I've got some experience in inbound marketing but was looking to see see if it
would be better to get on the phone calling up leads all day rather than
writing blog posts, email marketing etc for Concept Cupboard.

------
ScottWhigham
I'm looking at your website and I'm trying to imagine what a "sales team"
would do with it. Here's a good litmus test - seek out a sales professional in
your area, pitch him or her on your idea of what you think a sales person
would/could do, and get their feedback. You shouldn't have that much trouble
finding someone - networking groups, friends, etc should be able to put you in
front of a really good salesperson. I think you'll learn a lot by (a) having
to come up with a pitch that is focused on selling the idea of bringing a
sales person on board, and then (b) I think you'd learn a lot from the
feedback the person gives you. It's a no-lose situation for you.

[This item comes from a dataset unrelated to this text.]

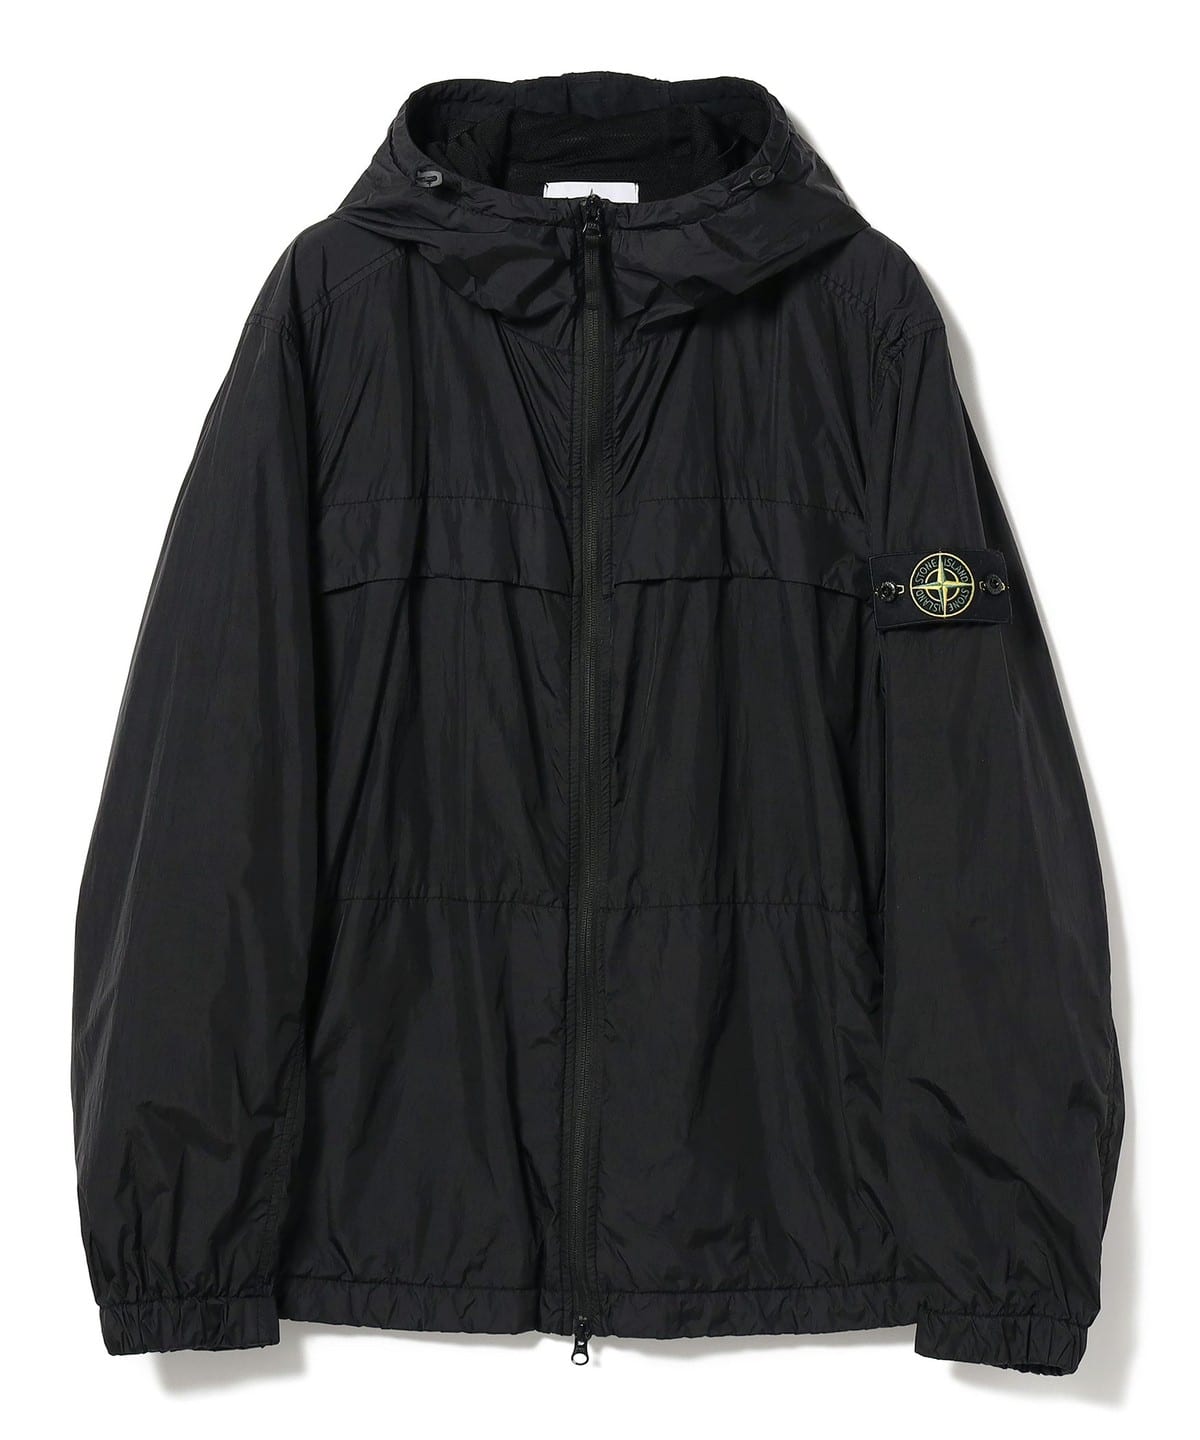 BEAMS（ビームス）STONE ISLAND / GARMENT DYED CRINKLE REPS R-NY

I would think that, because this will be a one-sided benefit (your team will
benefit from this meeting but the sales person will not), you should keep it
brief and buy them lunch/dinner/drinks. Asking someone to listen to and
respond to a 30-minute pitch is a LOT, particularly if they are getting no
direct benefit from it. Maybe keep it to 10 minutes with Q&A.

Things you'd want in the pitch:

* The idea

* What you've done so far

* Who is using it

* Why you need a sales team

* How the sales team changes things

* Commission plan

* How much of an opportunity there is for them (inc. any equity you are offering)

* 1yr, 2yr, and 5yr projections on both sales and the size of the sales team

------
vijaytsr
My first impression is that you are similar to 99designs. I believe you will
be better off with an inbound marketing effort with proper targeting. Sales is
resource and effort intensive. Lack of early results may be more demoralizing
than inbound marketing.